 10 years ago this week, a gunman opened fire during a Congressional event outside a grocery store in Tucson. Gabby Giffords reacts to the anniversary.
+ + + + +
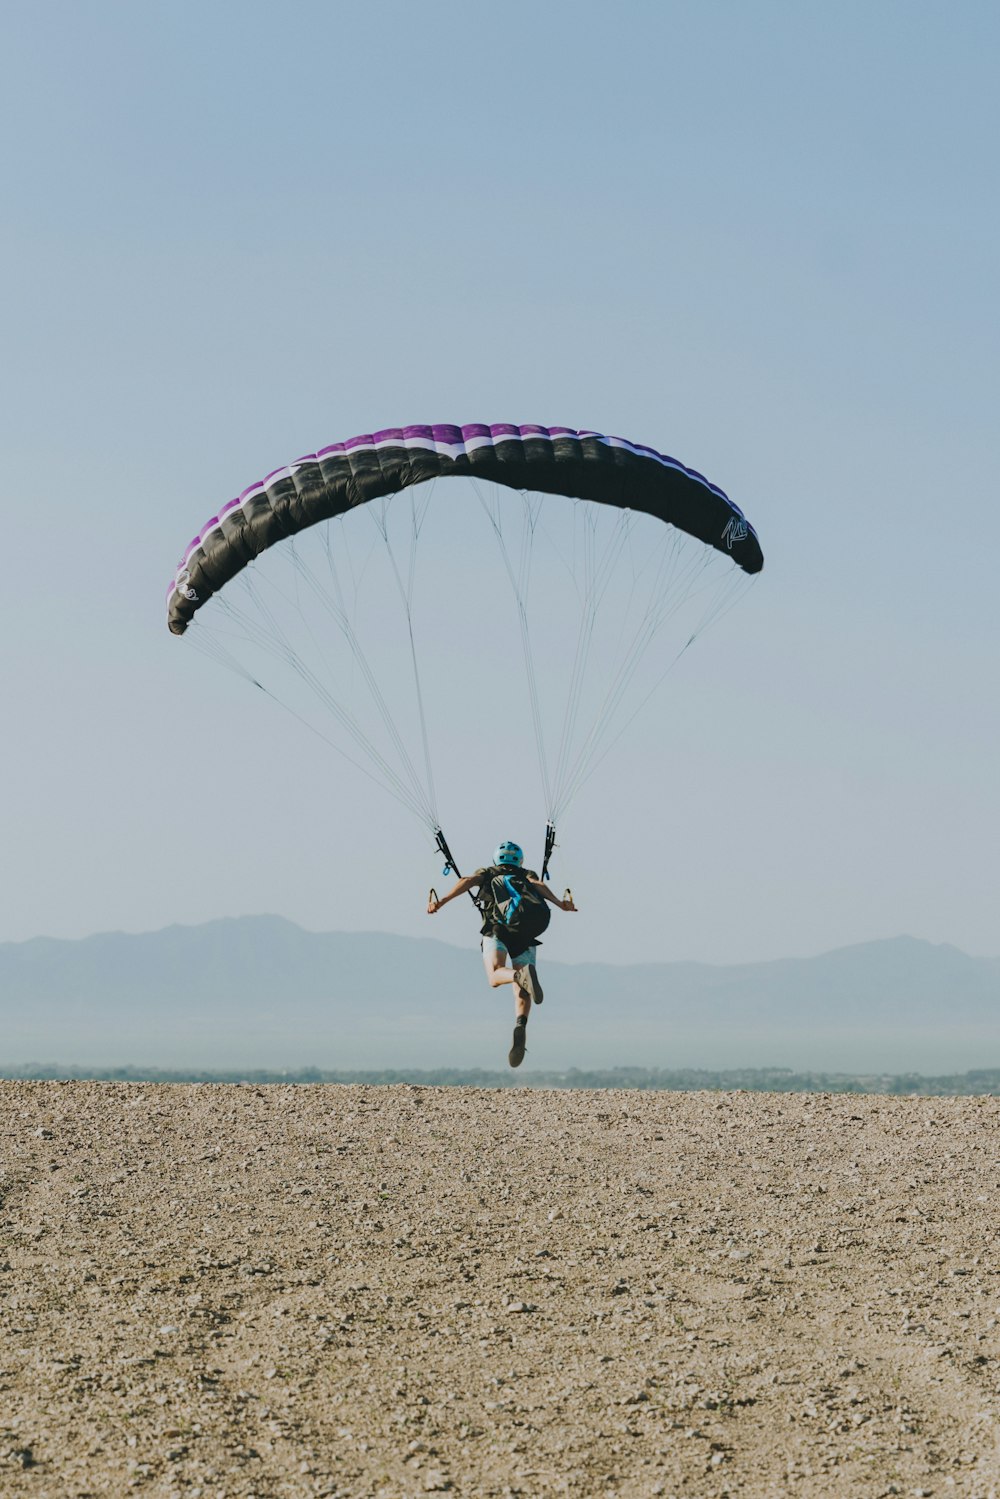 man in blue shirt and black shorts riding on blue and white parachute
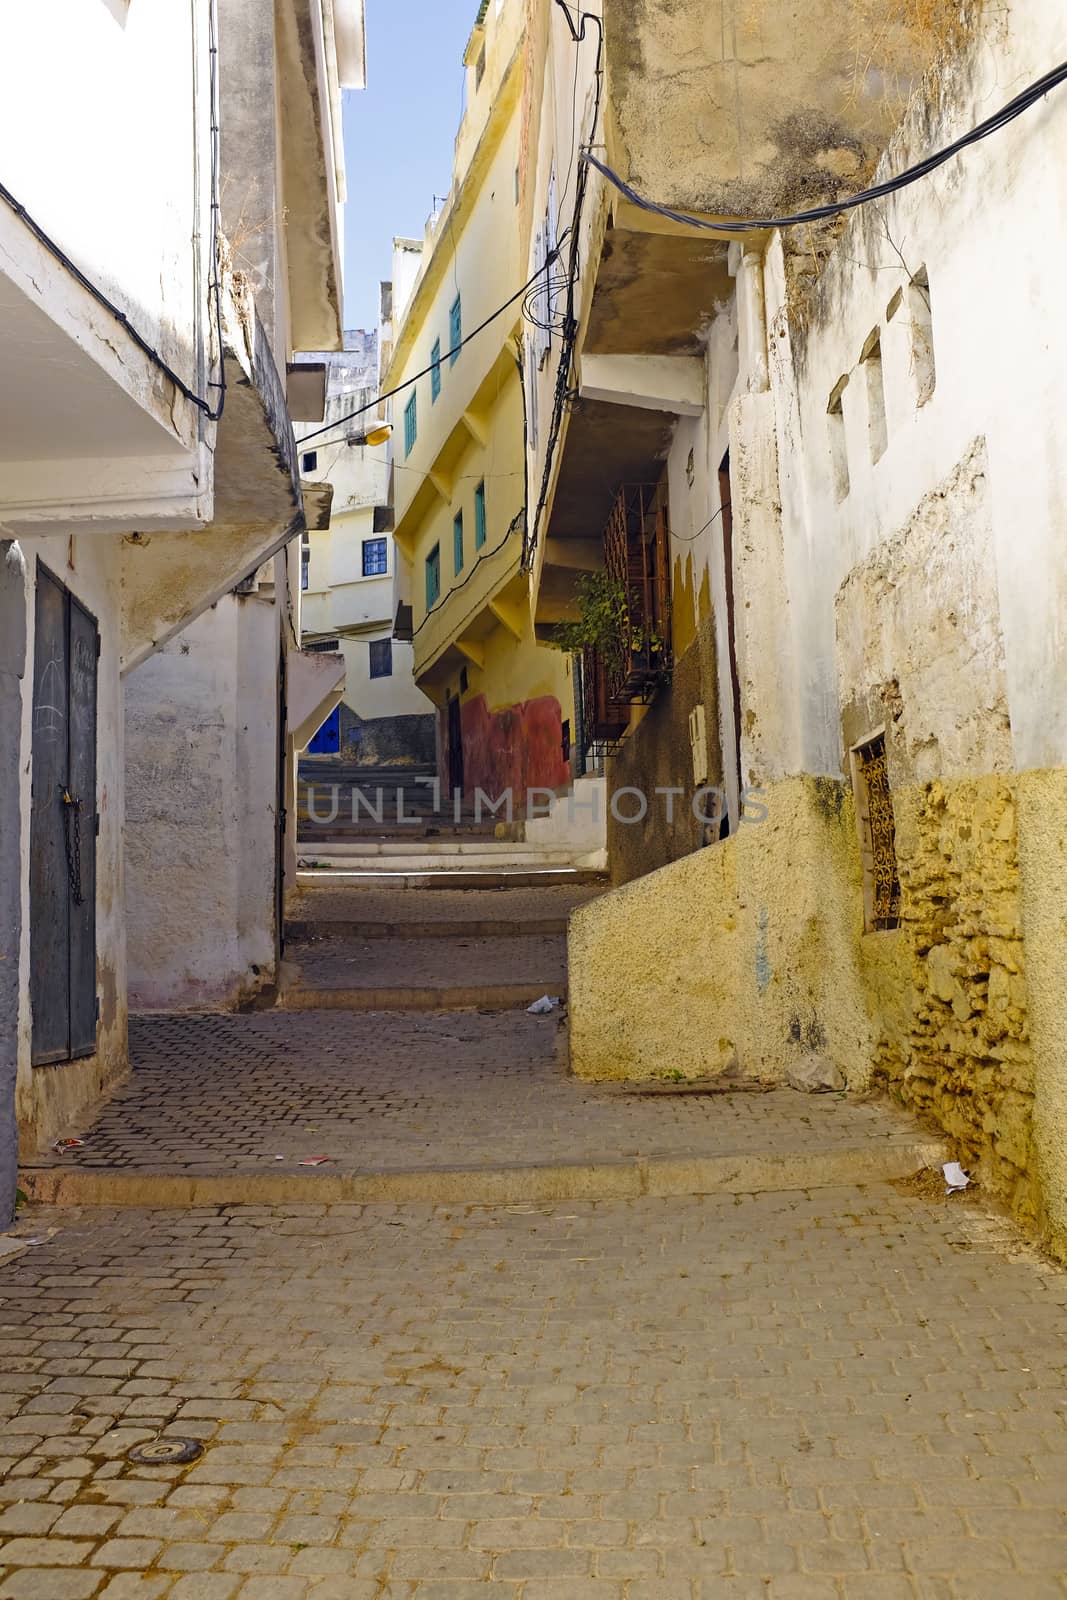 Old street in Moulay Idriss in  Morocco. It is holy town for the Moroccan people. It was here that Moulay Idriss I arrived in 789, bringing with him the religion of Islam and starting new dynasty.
+ + + + +
(Aim of the exercise):
Transcribe exactly the lines above, beginning at the one with "man in blue" and going up to and including the one with "Old street in". Pictures do not belong in the copy.

(Output below):
 man in blue shirt and black shorts riding on blue and white parachute
 Old street in Moulay Idriss in  Morocco. It is holy town for the Moroccan people. It was here that Moulay Idriss I arrived in 789, bringing with him the religion of Islam and starting new dynasty.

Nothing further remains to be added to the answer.